Most parents complain about how quickly their kids grow up. Within the blink of an eye, it seems, children go from diapers to diplomas. Now, imagine squeezing an entire life span into just 13 years, which is, on average, about how long dogs live. (People, on the other hand, have an average span of 77.6 years. ) Because dogs age nonlinearly, one human year can be equivalent to seven to 10 dog years. This means not only that puppies grow both physically and socially at a blazing speed, they also become senior citizens at an accelerated rate. And like their human counterparts, diseases such as diabetes, kidney failure, arthritis, dental disease and cancer become more prevalent with increasing age. While we cannot stop the aging process, there are measures we can take to ensure that our pets live long, healthy lives.
No one likes going to the doctor, and dogs are no exception. Nonetheless, geriatric dogs—defined as those seven years or older—should have routine veterinary examinations every six months. This may seem excessive, but it isn’t when you consider that six months is the equivalent of three dog-years. A yearly exam for a dog is equivalent to an exam every seven to 10 years for a human, and no medical doctor would advise seeing elderly human patients so infrequently.
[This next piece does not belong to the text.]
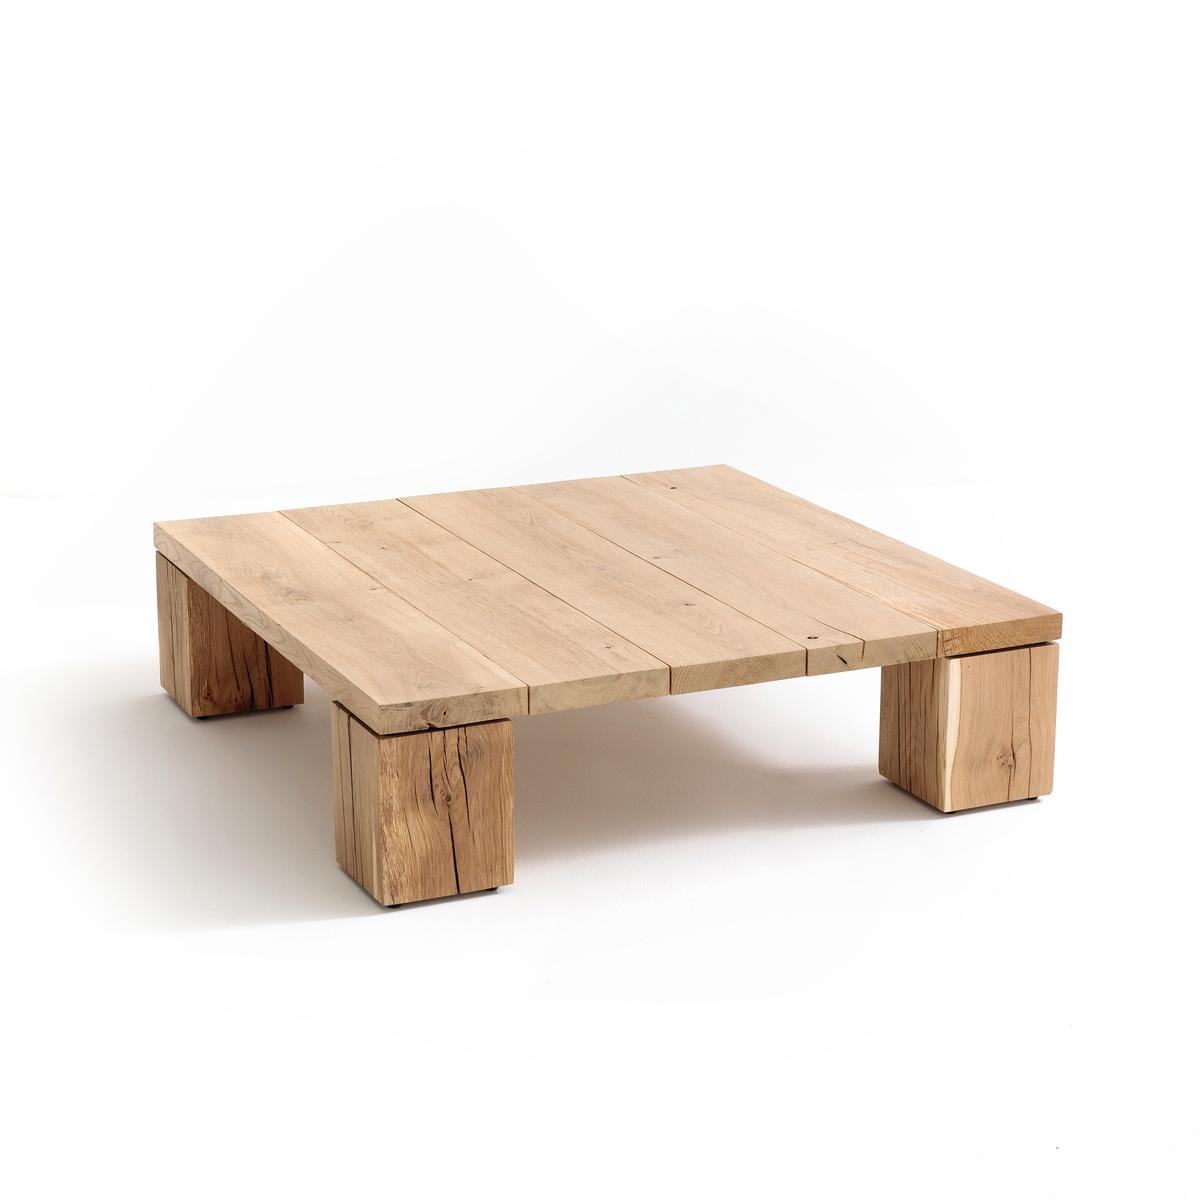 Журнальный столик из массива дуба Merlin столик журнальный квадратный из массива дуба crueso

These routine exams are important, as they make it more likely that problems can be diagnosed and treated before they become more difficult to manage.
During these visits, the veterinarian will perform a complete physical and oral exam, and will also ask you about any changes you may have observed in your dog’s behavior or activity. Since dogs cannot tell us their symptoms, it is important that we observe them as we go about our daily routines, because changes in appetite, thirst, behavior and weight may signal the onset of disease.
Diagnostics Make a Difference
Studies have shown that 22 percent of apparently healthy senior dogs actually have some level of clinical disease, which is diagnosed through the use of screening tests. Diagnostic tests, like blood panels and x-rays, are used commonly with people; doctors rely on the results of tests such as prostate specific antigen (PSA) levels, cholesterol levels and mammograms to diagnose disease early. Similarly, using their patient’s blood and urine samples, veterinarians can screen for diabetes; anemia; and liver, kidney and thyroid disease. Radiographs, or x-rays, are used to look for arthritis, cancer and heart disease.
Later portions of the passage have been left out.